Has intel annouced an news of a 64bit processor any time soon. I mean a mainstream one to replace p4


----------



## norin

not sure as of yet... but i am sure they will be pushing that out fairly soon.... and this makes me wonder... will Windows Codename "LongHorn" be 64-bit?


----------



## dai

longhorn 64bit has been on the net for at least 2 months


----------



## jgvernonco

Think about the VCR/DVD evolution. Just about any research you look at shows that DVD now owns the market. You can, however, still rent and purchase VHS.

When 50-60% of the market is 64 bit, it will still be cost-effective for the suppliers to keep the 32 bit market happy.

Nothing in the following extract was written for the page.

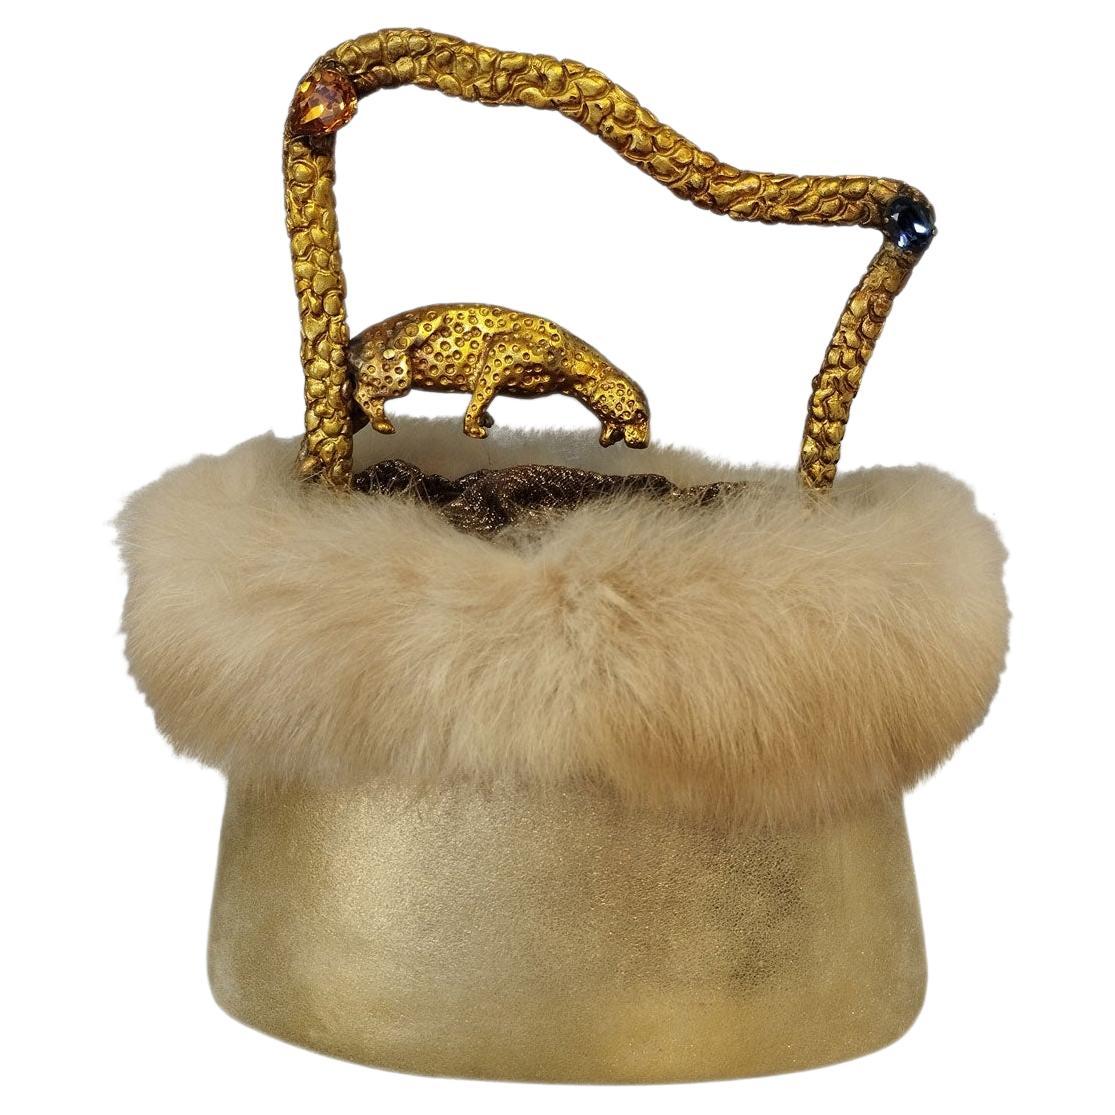 Roberta Balsamo World's Unique Jewel bag For Sale

The major difference here is that a 64 bit system can rin 32 bit programs, so one doesn't need to keep an old 32 bit system around to run old programs, which is why many folks stll have VCRs.

In terms of economics, 5 - 10 trs down the road (or less), it will become prohibitively expensive for manufacturers to coninue making 32 bit chips, as the price of the 64's will have fallen to what 32's are, today (inflation-adjusted, of course). Then, the retail cost of a 32 bit chip will rise, and that will spell the end of 32 bit.

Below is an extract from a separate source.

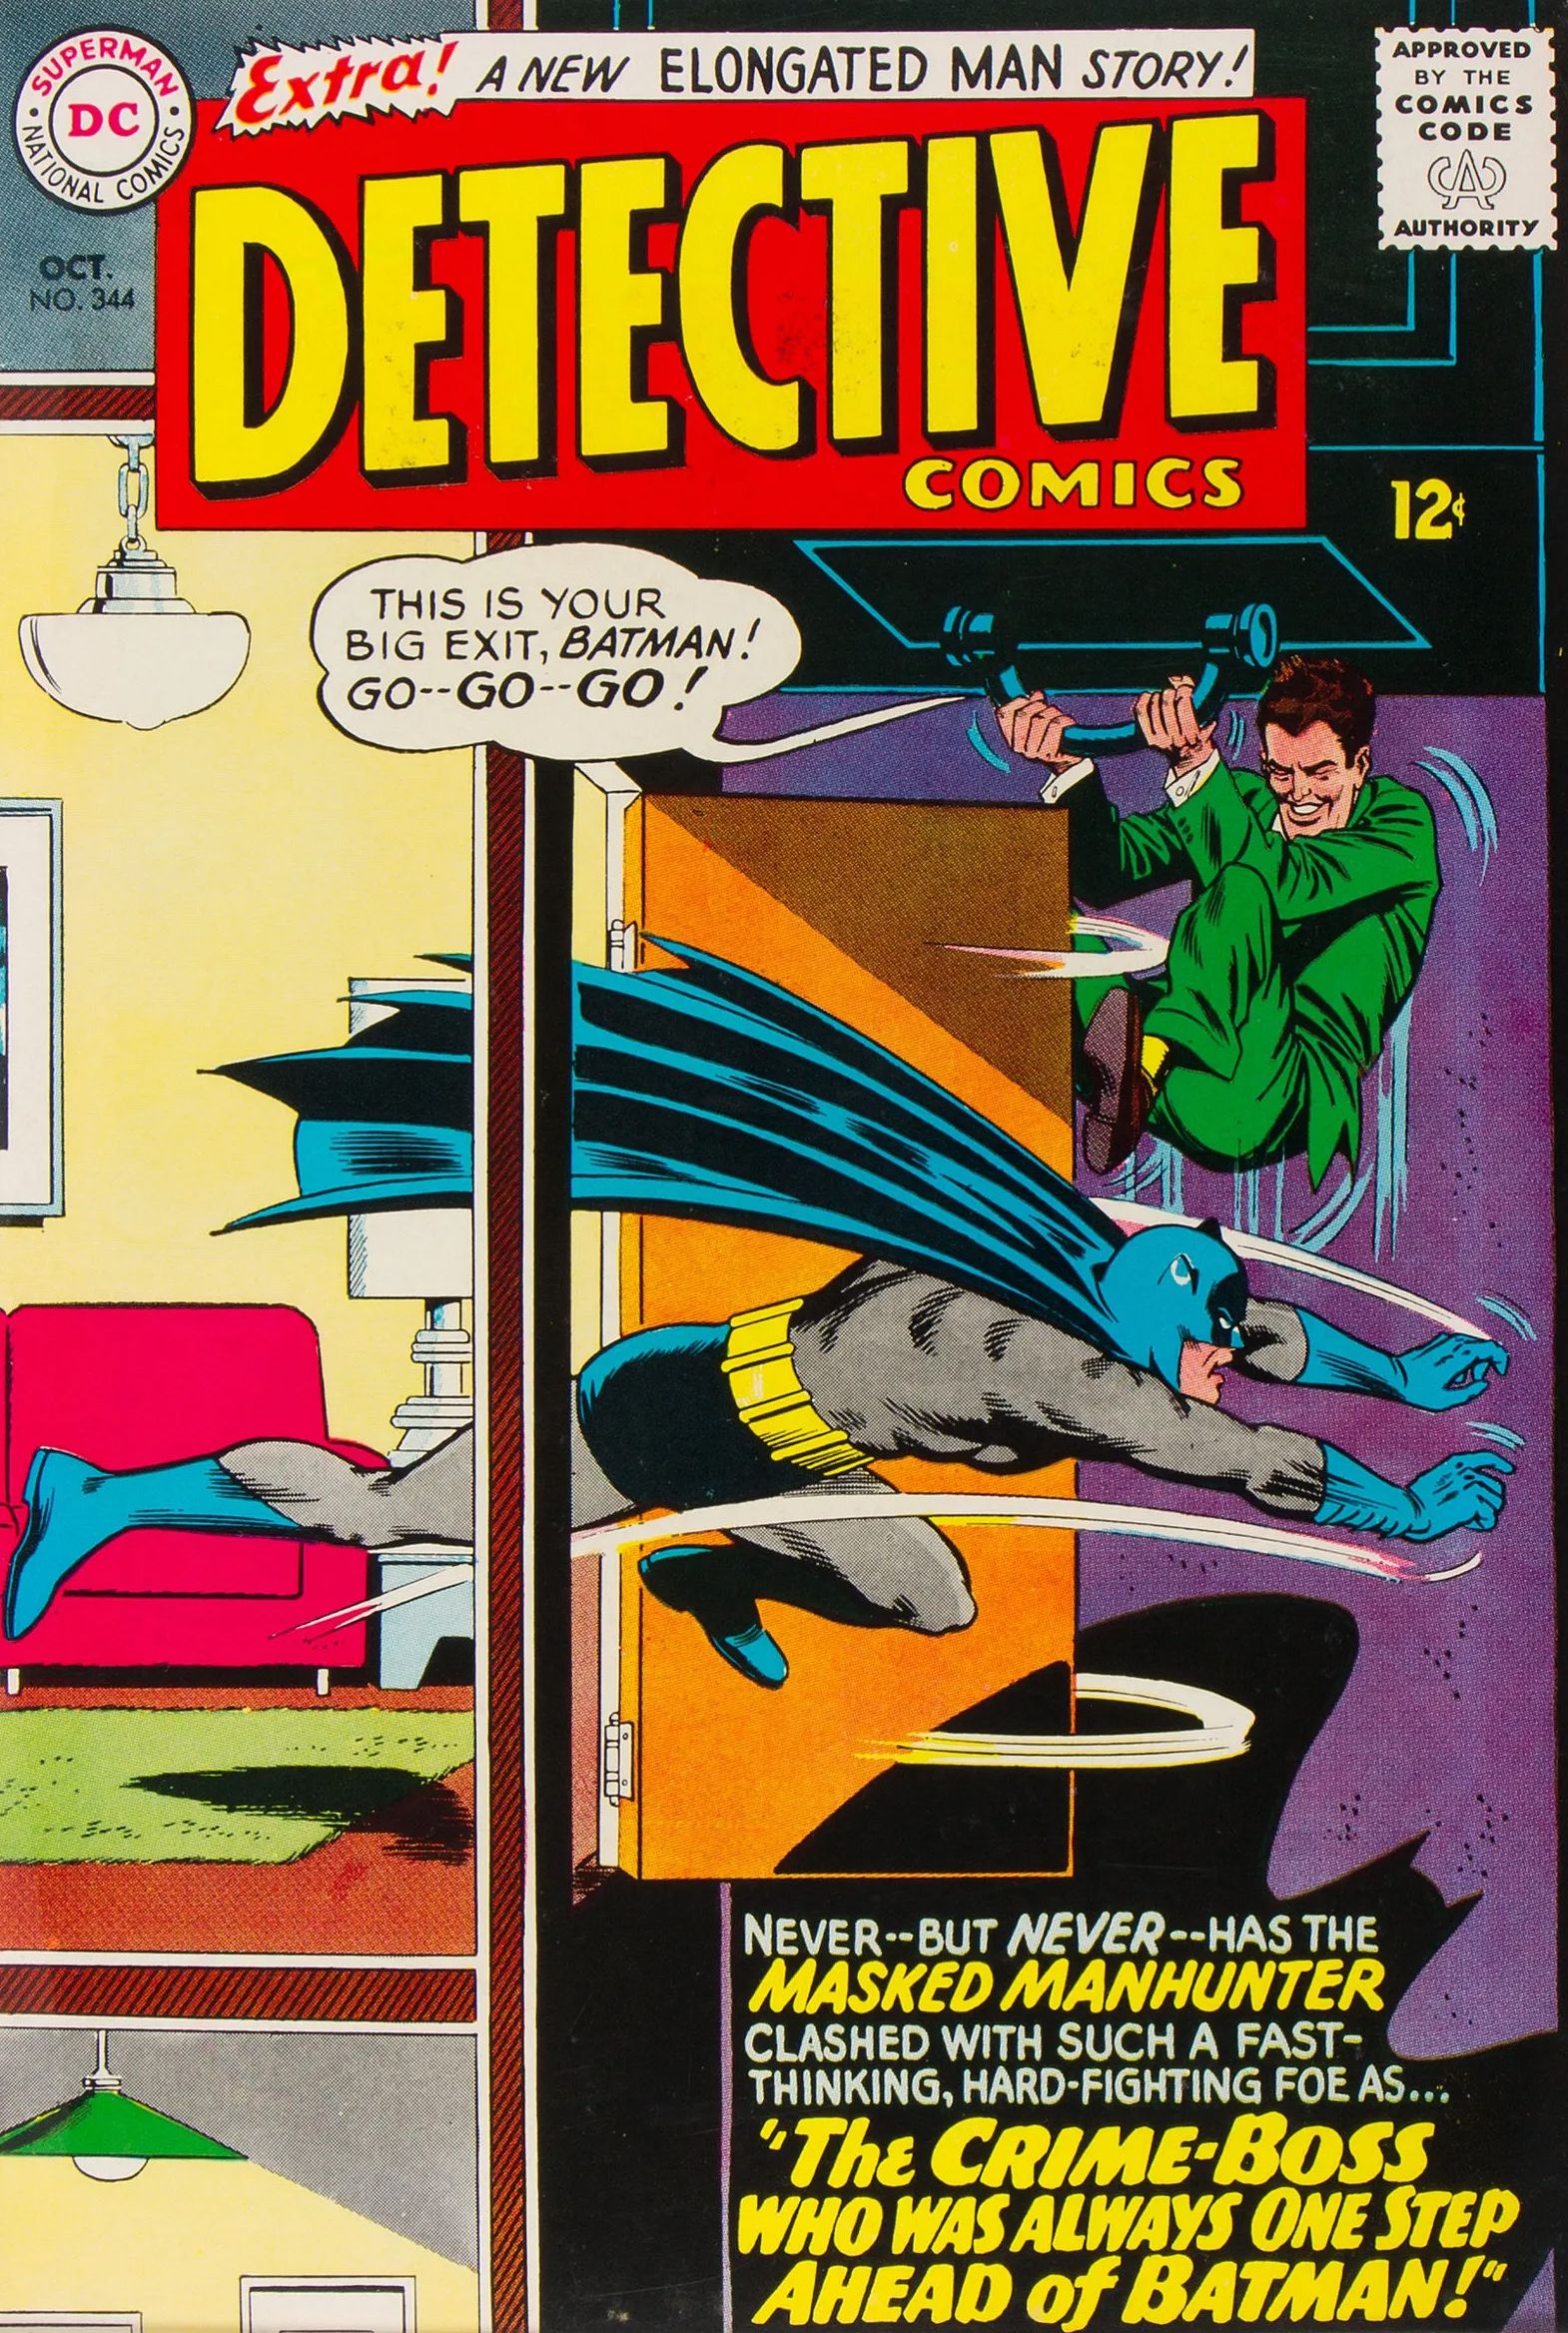 Detective Comics #344 Comic

So I disagree that now is the time to purchase a 64-ready PC, unless you need or want that extra performance. However, I will agree that the next computer you purchase (after this new one), will probably be 64 bit, period (unless you are shopping the extreme low end of the market). You won't pay any more for 64, then, because competition will have reared it's ugly head and tweaked the price.


----------



## norin

ok so.. i am going to be bulding a completely new system here shortly. should i go with AMD 64?


----------



## dai

when i rebuild i will go 64 bit i always use intel so i am waiting on their processors being realeased


----------



## [FcL] Gol

*Amd 64*

Amd are already subsidising game developers etc to create 64 bit game e.g farcry64 and halflife 2 are already in beta testing soon to be released. this begs the question of price to the end user for these games when 32 bit copies are already owned??? 
http://www.amd.com/us-en/Processors/DevelopWithAMD/0,,30_2252_869_875^10543,00.html
There are also questions on how are we gonna play this with no release of a suitable operating system other than linux???? back to ms dos reboot to enter 64 bit mode????


----------



## Wilber

dai said:


> when i rebuild i will go 64 bit i always use intel so i am waiting on their processors being realeased


I thought that Intel had pretty much reached a wall with getting their processors any faster (run too hot I believe). Won't the 64 bit chips also have this problem (unless they sort out the ampage/heating probelm by then)?. Since Athlons run at a lower clock speed but do more in a pass they seem to be a good choice in my opinion. They probably have more of a capacity to get higher speeds for a while longer. Also they have had a bit of a head start over intel in the 64 bit field. I suppose we'll have to wait and see when intel get their chip completed and distributed.


----------